Look below for the line with "20 Kg Silver" and the line with "Johnson County Airport Commission s1"; repeat exactly those two lines and all lines between them, but no pictures.

RECORDED DATA:
· · ·

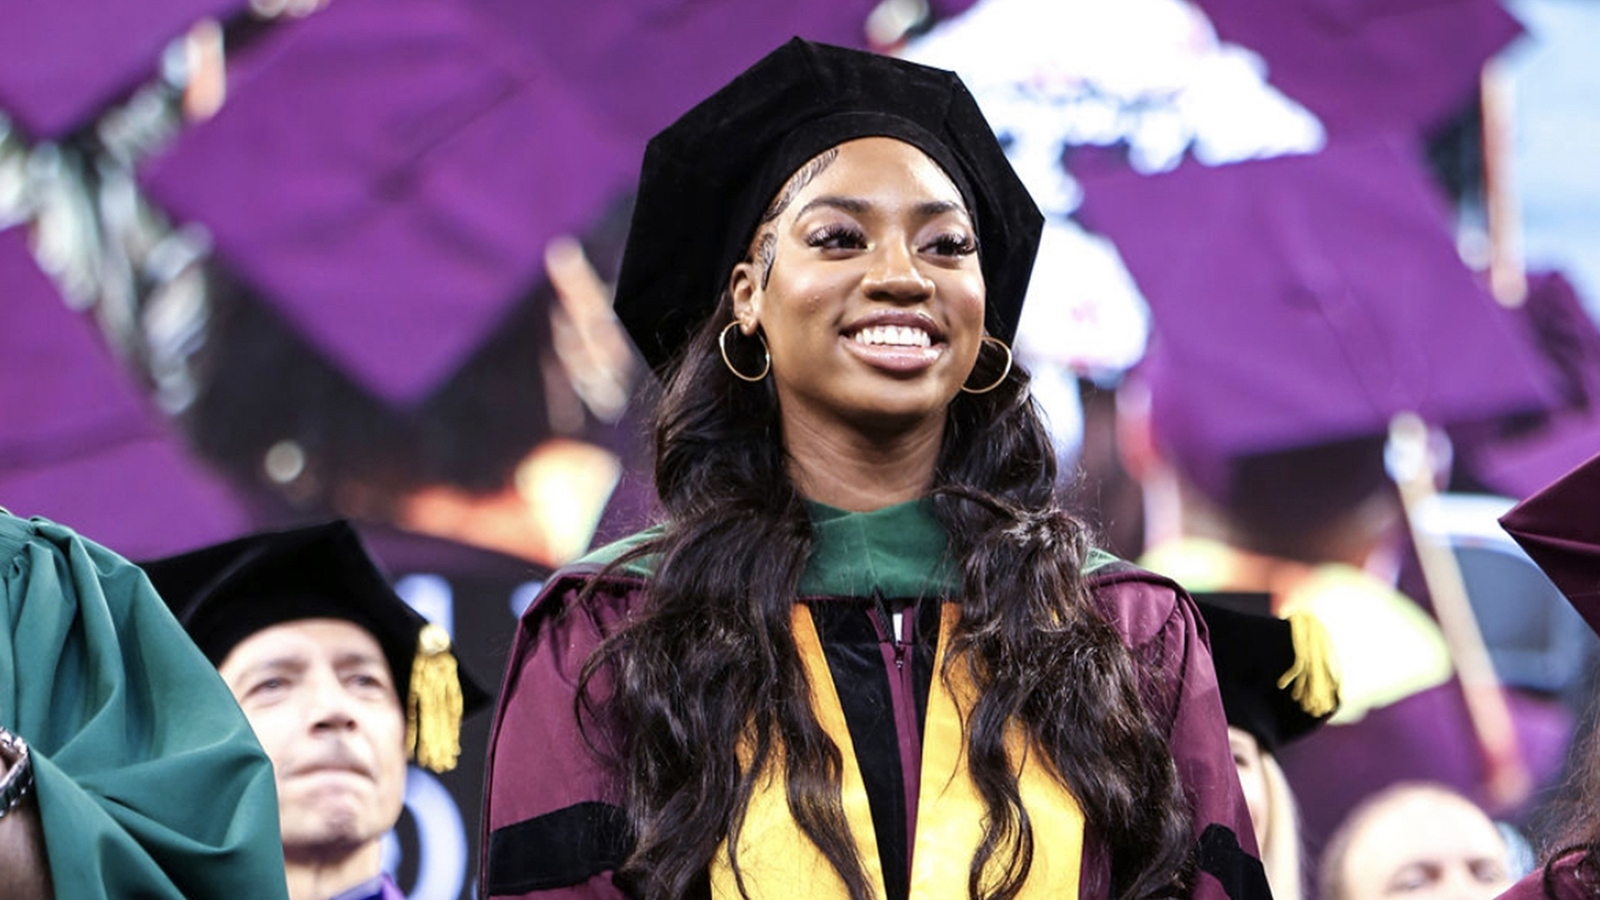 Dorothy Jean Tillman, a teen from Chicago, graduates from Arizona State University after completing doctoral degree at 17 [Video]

· · ·

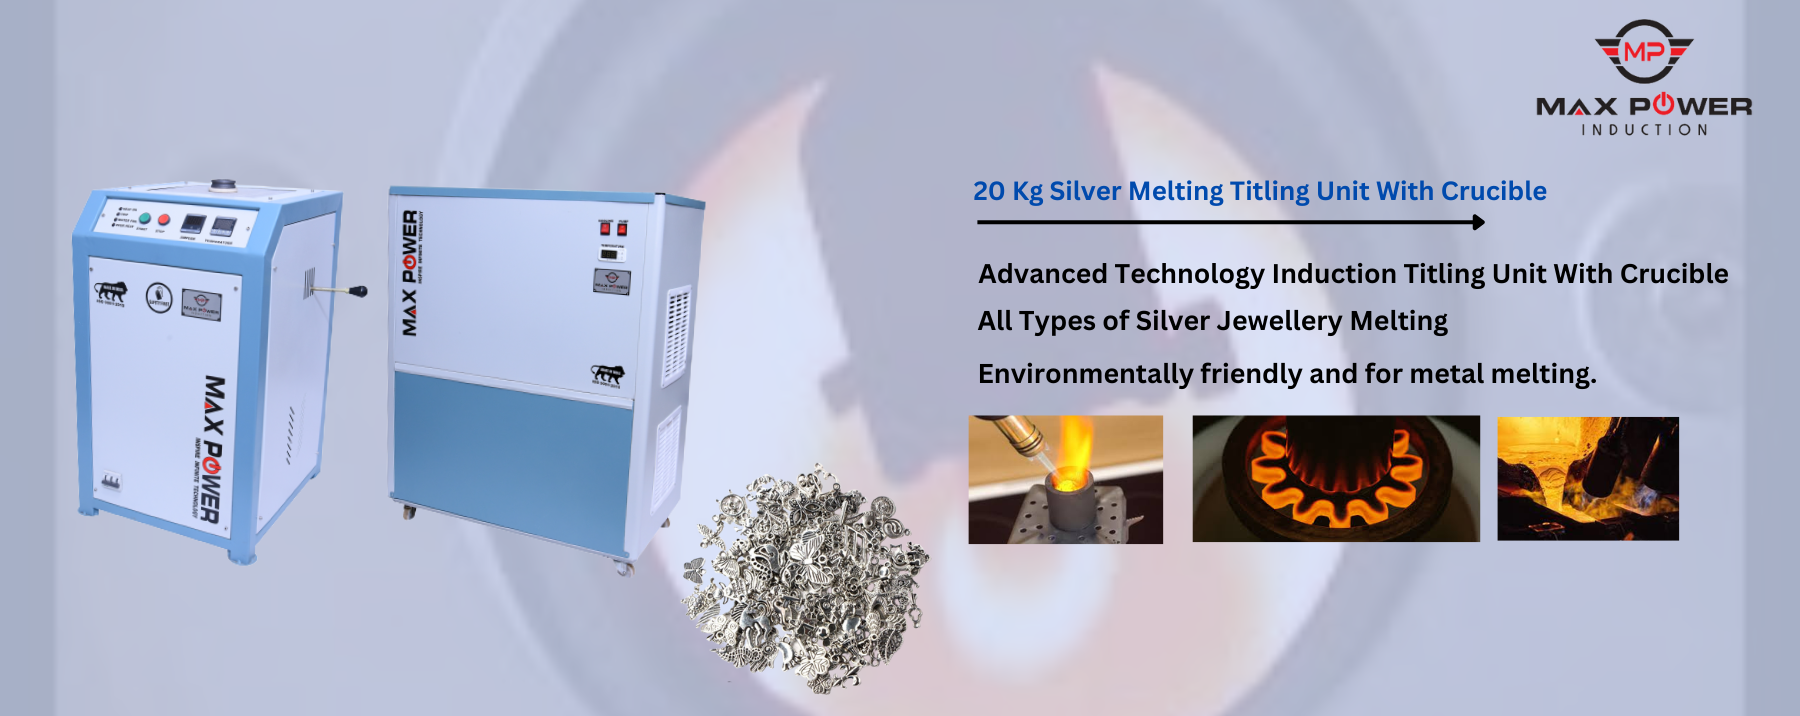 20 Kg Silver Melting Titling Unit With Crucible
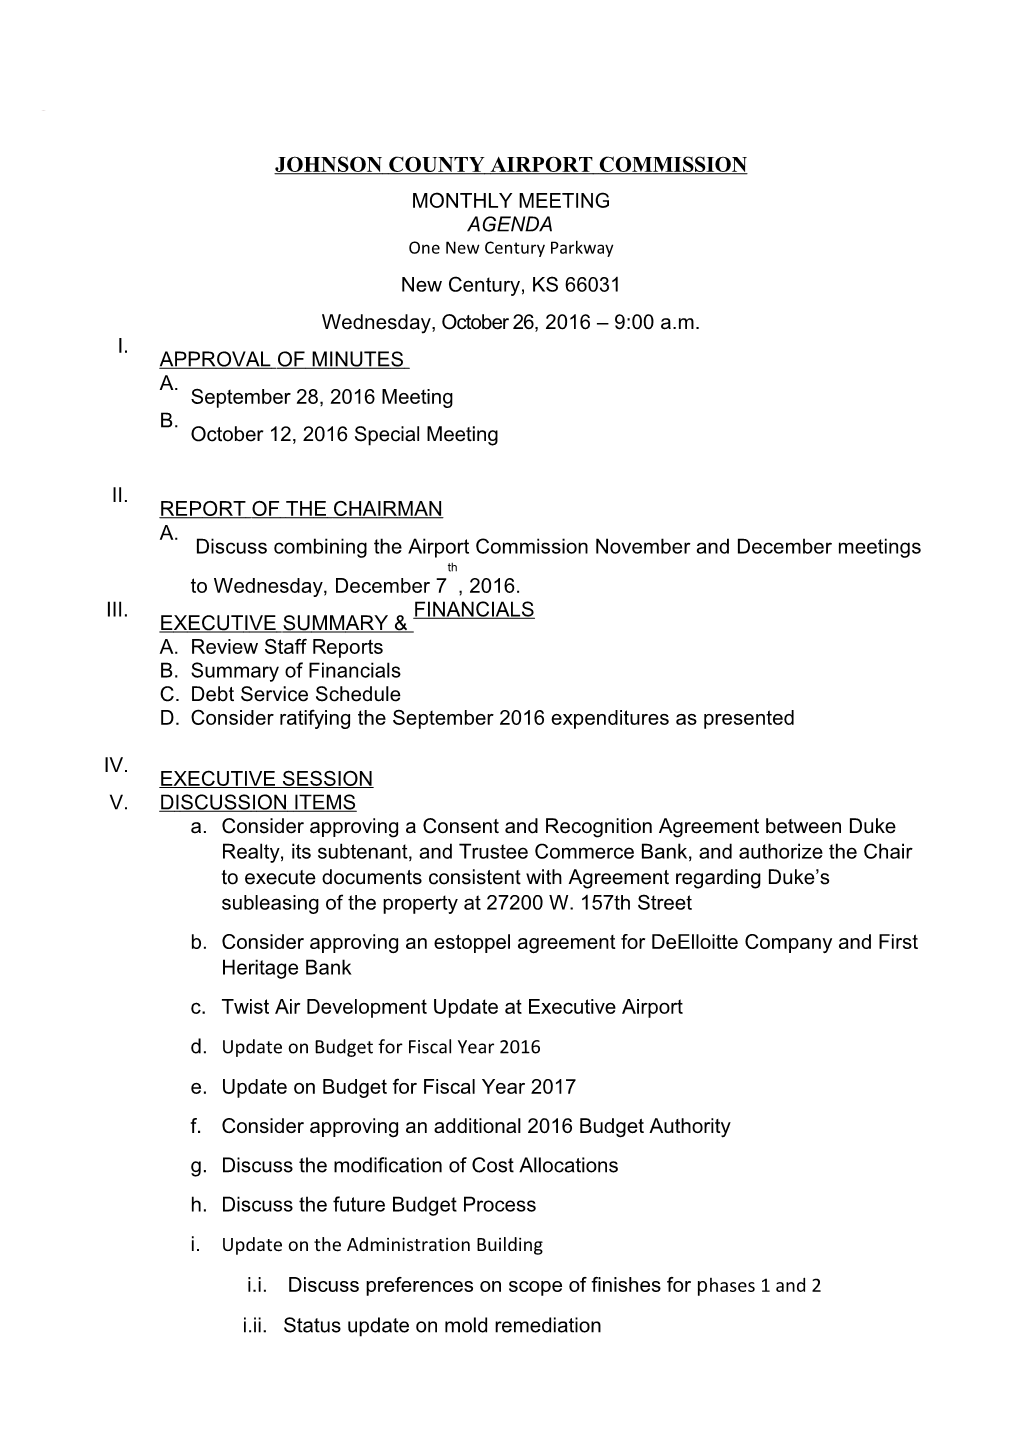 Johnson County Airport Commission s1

· · ·

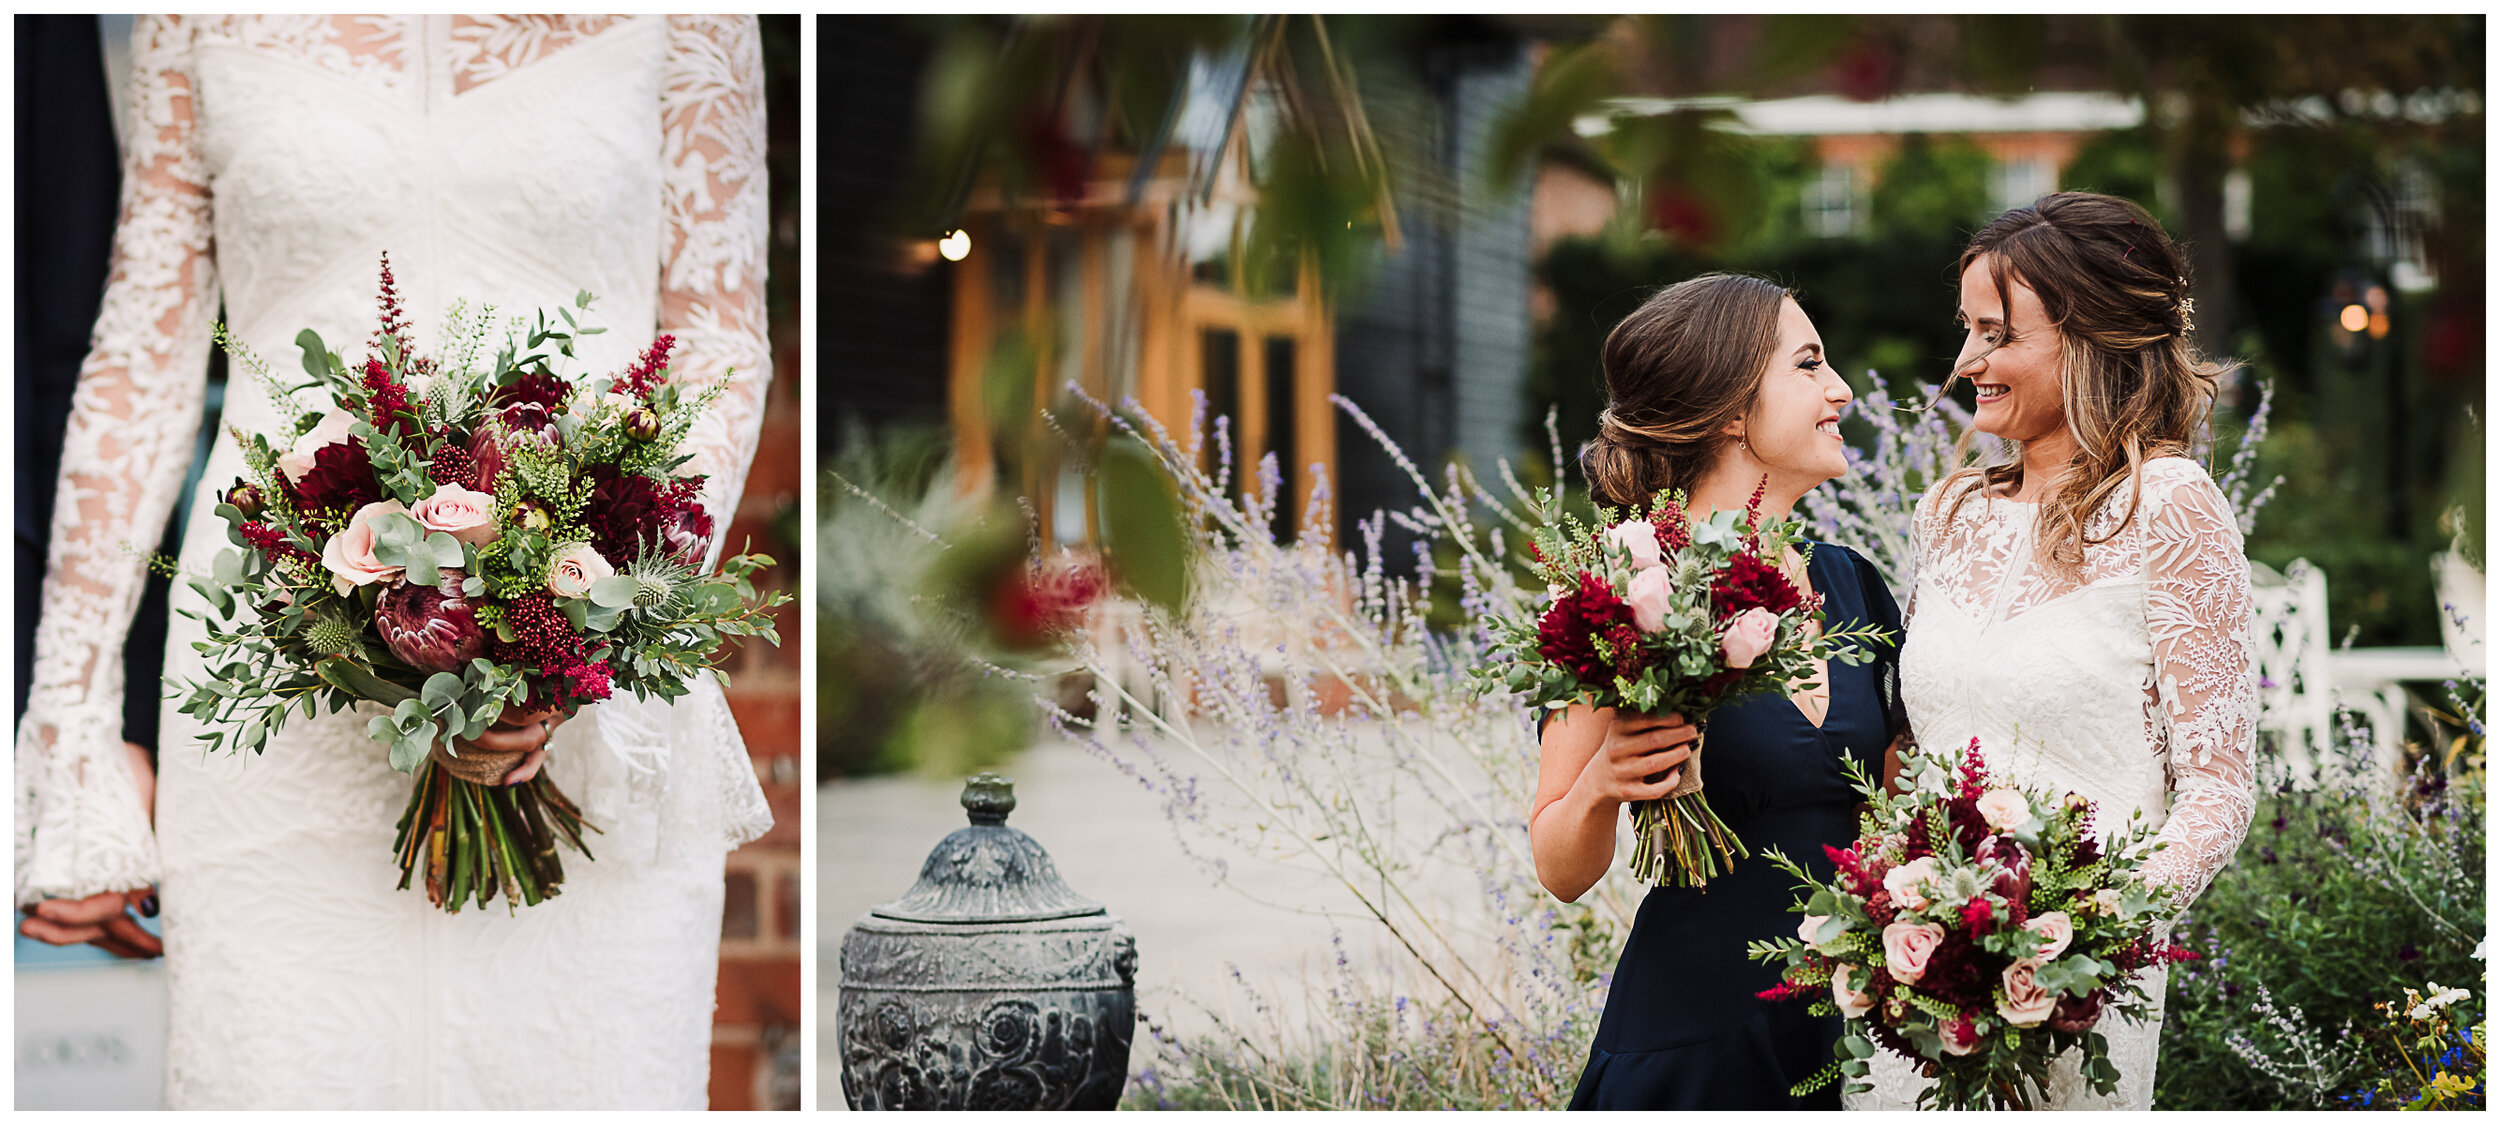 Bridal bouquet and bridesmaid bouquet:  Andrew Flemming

· · ·

RESULT BELOW:
 20 Kg Silver Melting Titling Unit With Crucible
 Johnson County Airport Commission s1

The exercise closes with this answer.